If I understand correctly though, since it's a hard cutoff it creates this gap between 1m and ~1.2m where you're actually worse off by making more money pre-tax.
999k --[-15%]--> 849k
1000k --[-30%]--> 700k
1213k --[-30%]--> 849k
If I understand correctly though, since it's a hard cutoff it creates this gap between 1m and ~1.2m where you're actually worse off by making more money pre-tax.
999k --[-15%]--> 849k
1000k --[-30%]--> 700k
1213k --[-30%]--> 849k
EDIT: It looks like I am wrong, ignore me.
I wonder why they're not doing that and creating all kinds of weird edge cases that will encourage hacky workarounds.
I guess they didn't want to lose out on the first million from those who are above the first bracket.
Year 1: 999k --[-15%]--> 849k (This year doesn't trip the "limit"
Year 2: 1000k --[-15%]-->850k (Limit is tripped, next year is 30%)
Year 3: 999k --[-30%]-->699k (Fell below the limit, next year is 15% again)
Basically if you are close to the limit at the end of the year, you should immediately stop all advertising/marketing spend to ensure you don't go over the peak :)
I'm not really sure why they did it this way as it really screws over people that are just at the 1m/yr mark, vs a progressive system that would "just work."
If you get kicked out, you're stuck paying 30% for at least a year.
Or, they could've just picked $1 million because it's a nice round number and looks good in a press release.
You'd pay let's say 15% over the first 30k, and then 30% over the remainder.
[1] https://en.wikipedia.org/wiki/Progressive_tax (See the Computation section for how the higher rates only apply to the higher portions of a person's income, with their lower portions taxed less.)
The relevant sentence seems to be "If a participating developer surpasses the $1 million threshold, the standard commission rate will apply for the remainder of the year." (emphasis mine)
Apple takes the comission as you go, so it sounds like they take 15% of each sale until you hit $1M, and then 30% for every sale after that.

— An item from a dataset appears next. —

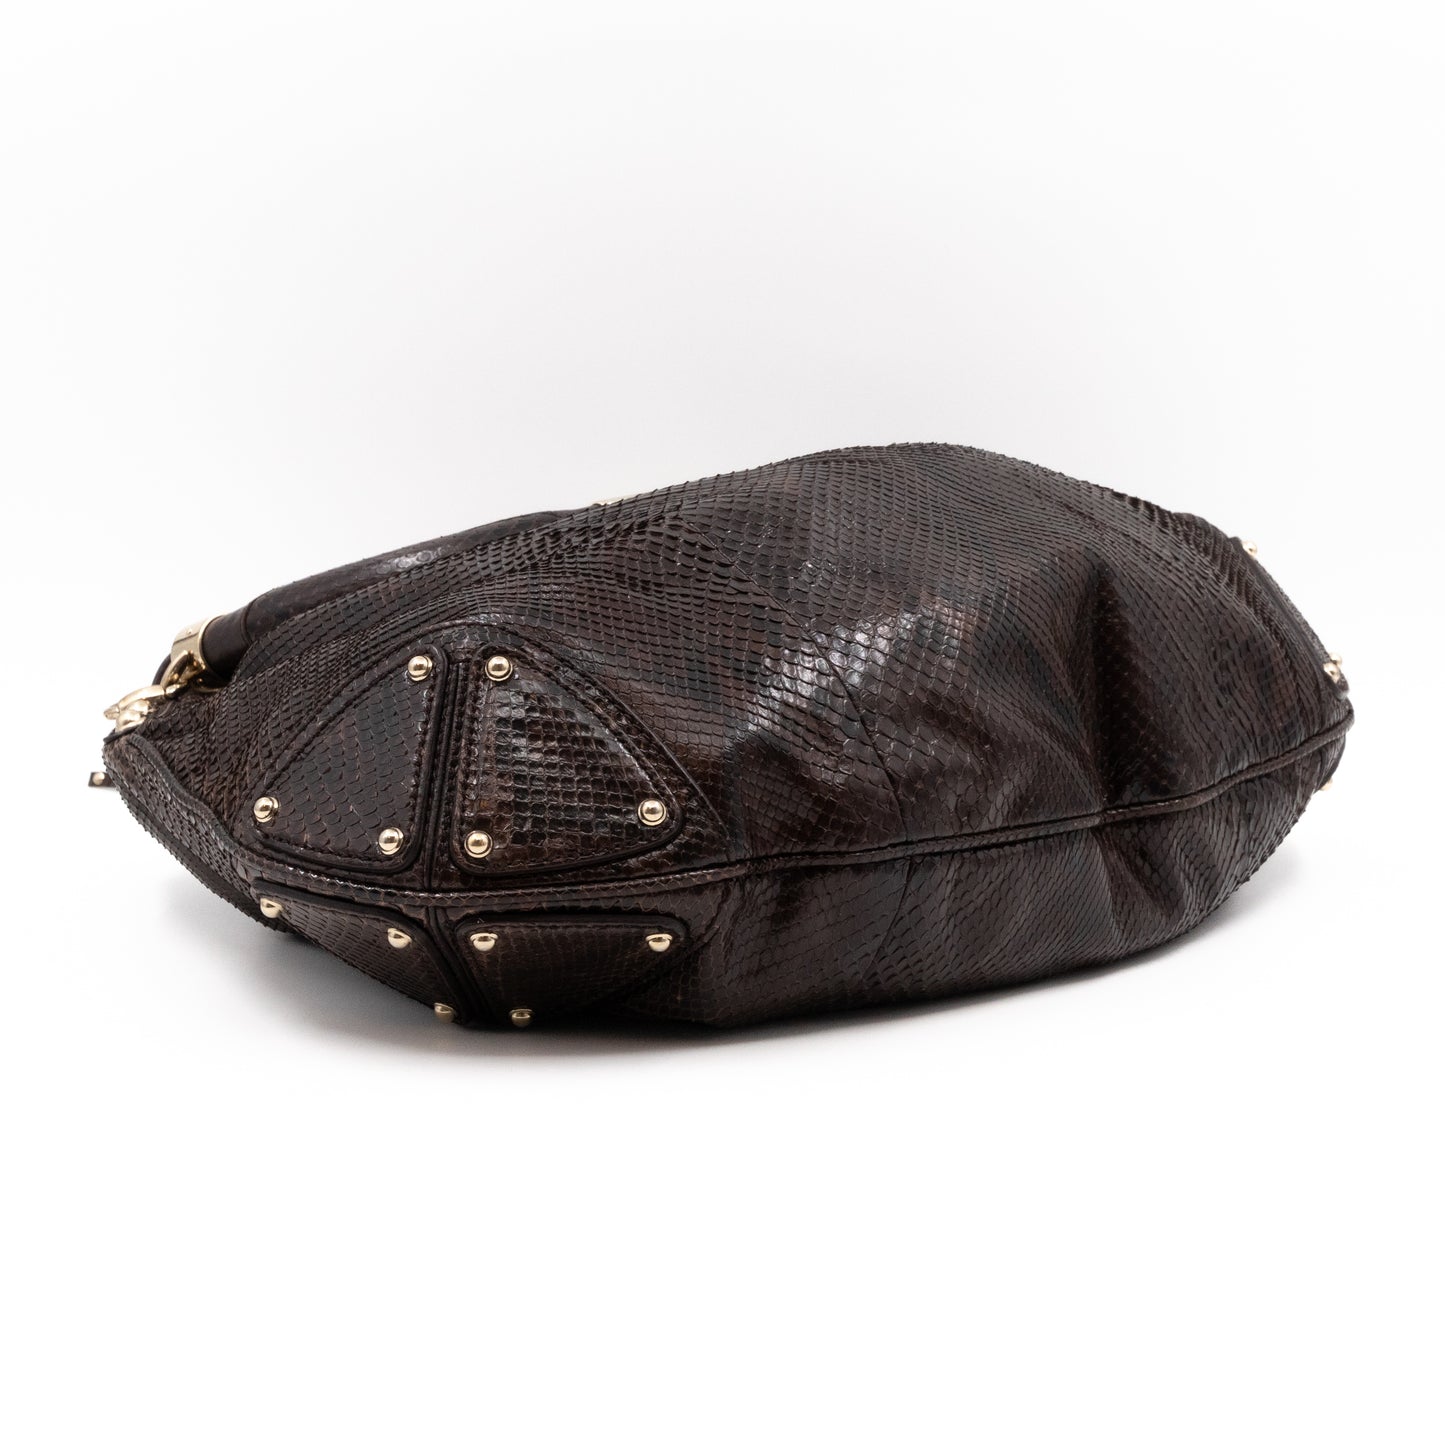 Indy Top Handle Bag Brown Python Leather

The next year they'd take 30% right from the start though, so a good year followed by a bad one would be unfortunate.
0-9000€ [0%] -> 0€
9000-20.000€ [10%] -> 1100€
20.000-40.000€ [15%] -> 3000€
Total = 4400€
So if you're in the 15% bracket you pay 4400€ which is actually 12.5% in total, and not 5250€ (15%) as some people seem to believe.

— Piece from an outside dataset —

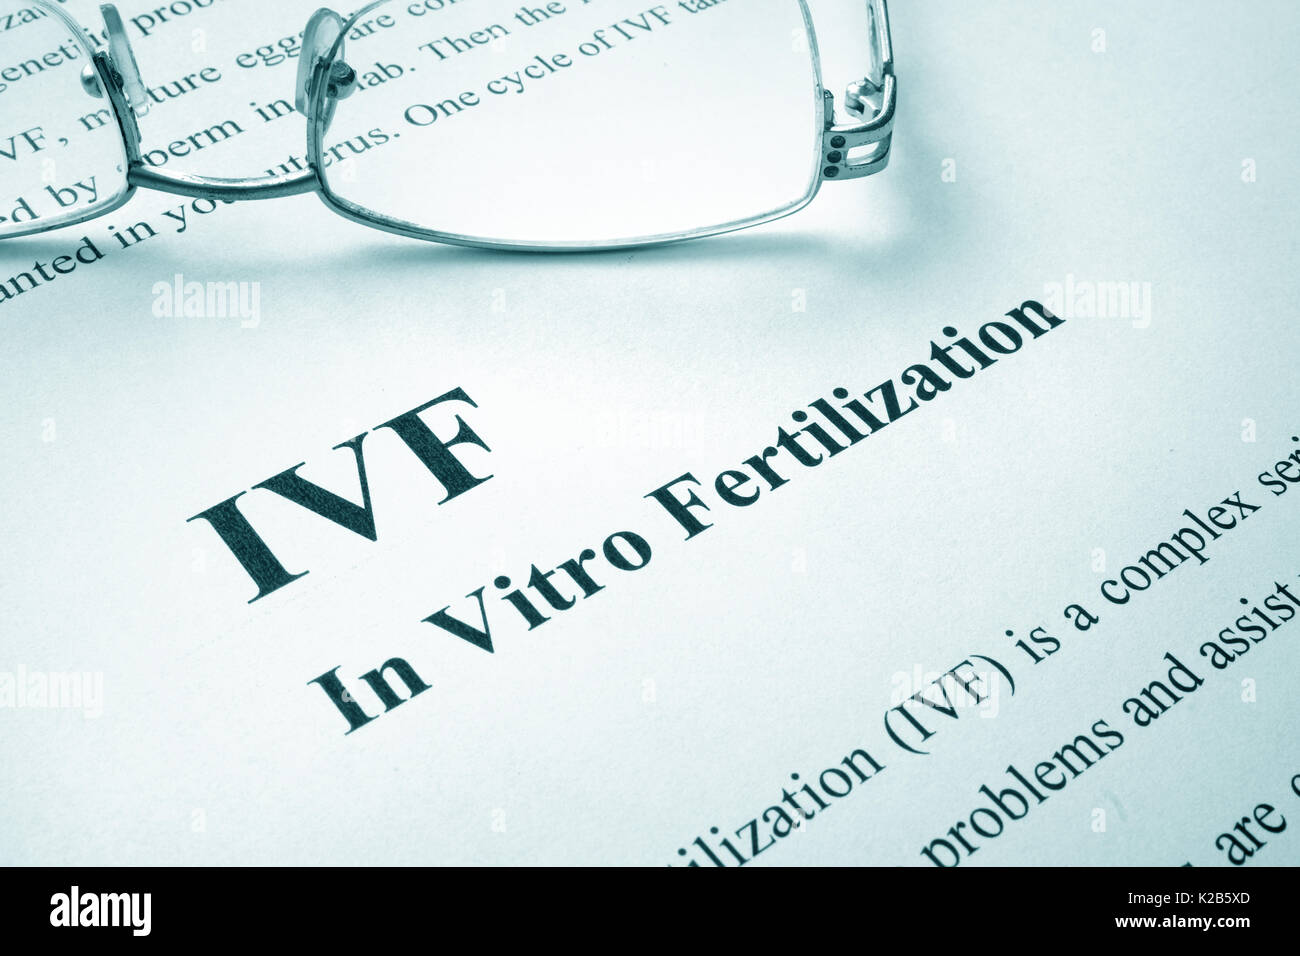 Document with title IVF (In Vitro Fertilization). Stock Photo

Yet they have 2 full year to see how it goes and work around all the edge case. I bet nobody except professional haters will complain if they soften the rules in 18 months.
My guess is that creating apps for the App store is actually far less profitable than Apple wants us to believe. That is, unless you are a large publisher.

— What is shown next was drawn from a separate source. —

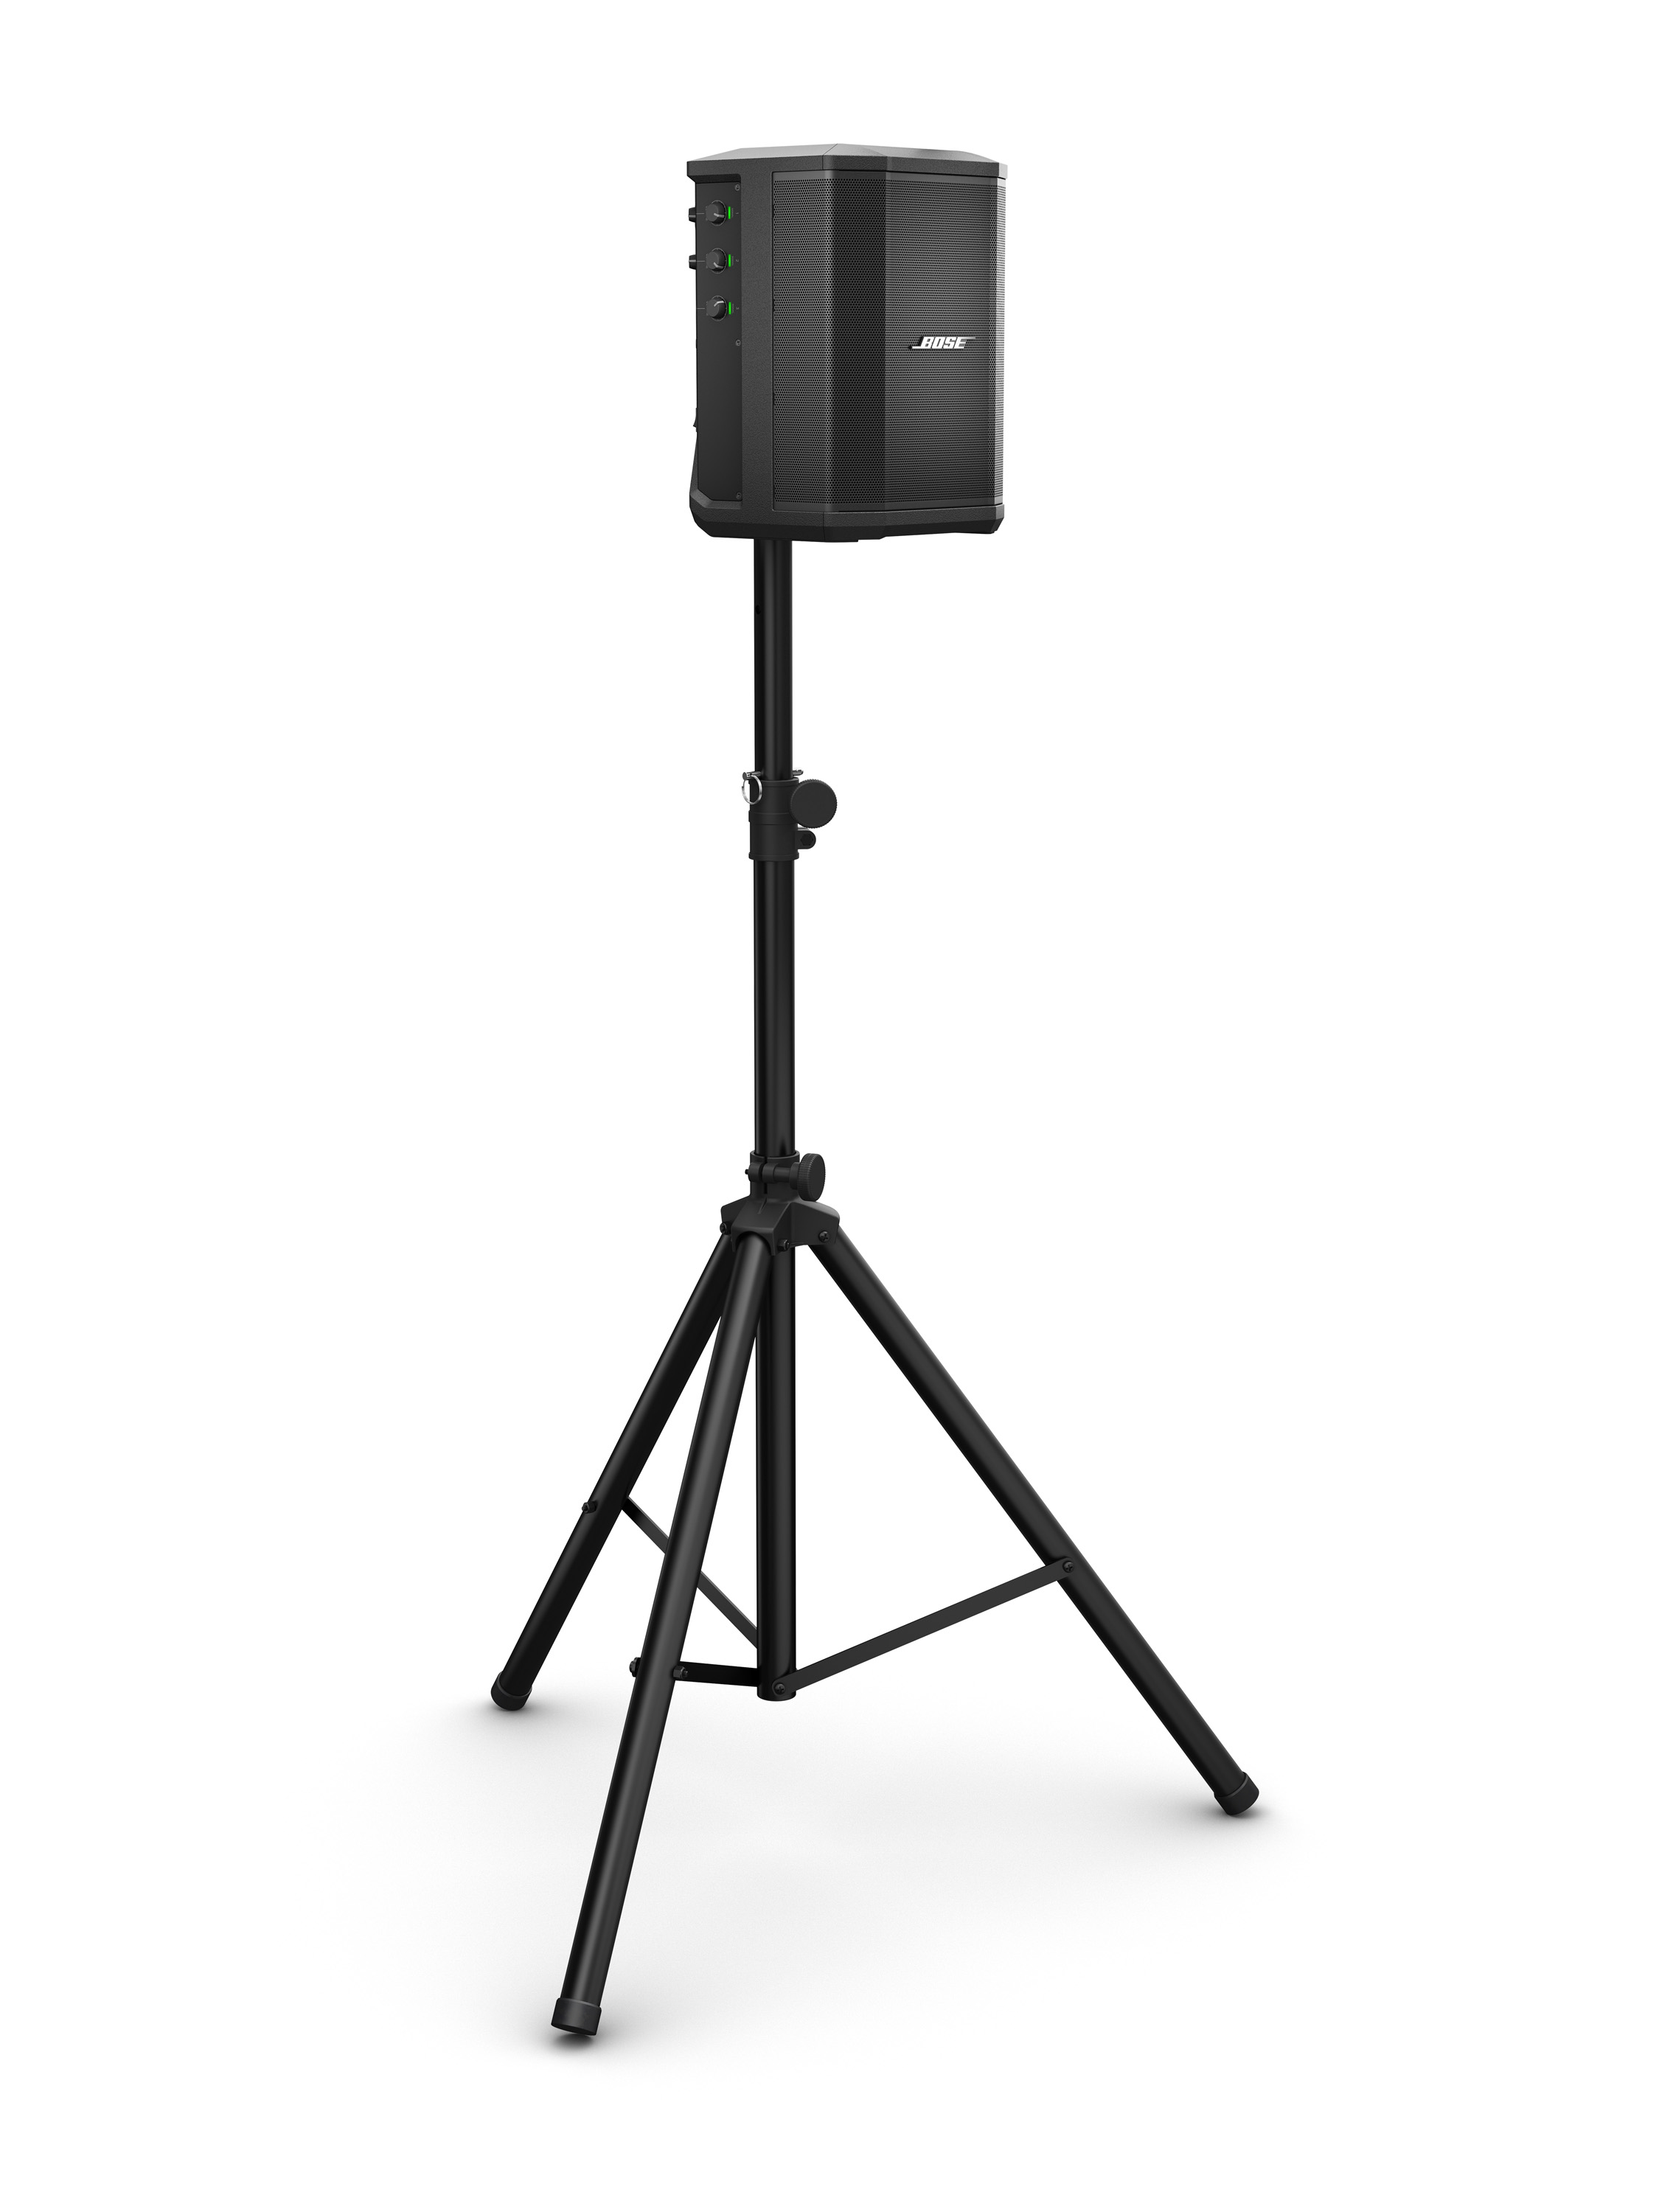 Bose S1 Pro - Sono Portable - Variation 2

I'd really like to see the distribution here, I wouldn't be surprised if there is a huge income gap.
"In a gold rush, you don't get rich by digging for gold - you get rich by selling shovels"
That would be dangerous, because imagine being under 1million all year, and in December you make 1 dollar too much - suddenly you would have to pay Apple a lot of money you may have already spent. You never pay Apple though, they just keep their cut.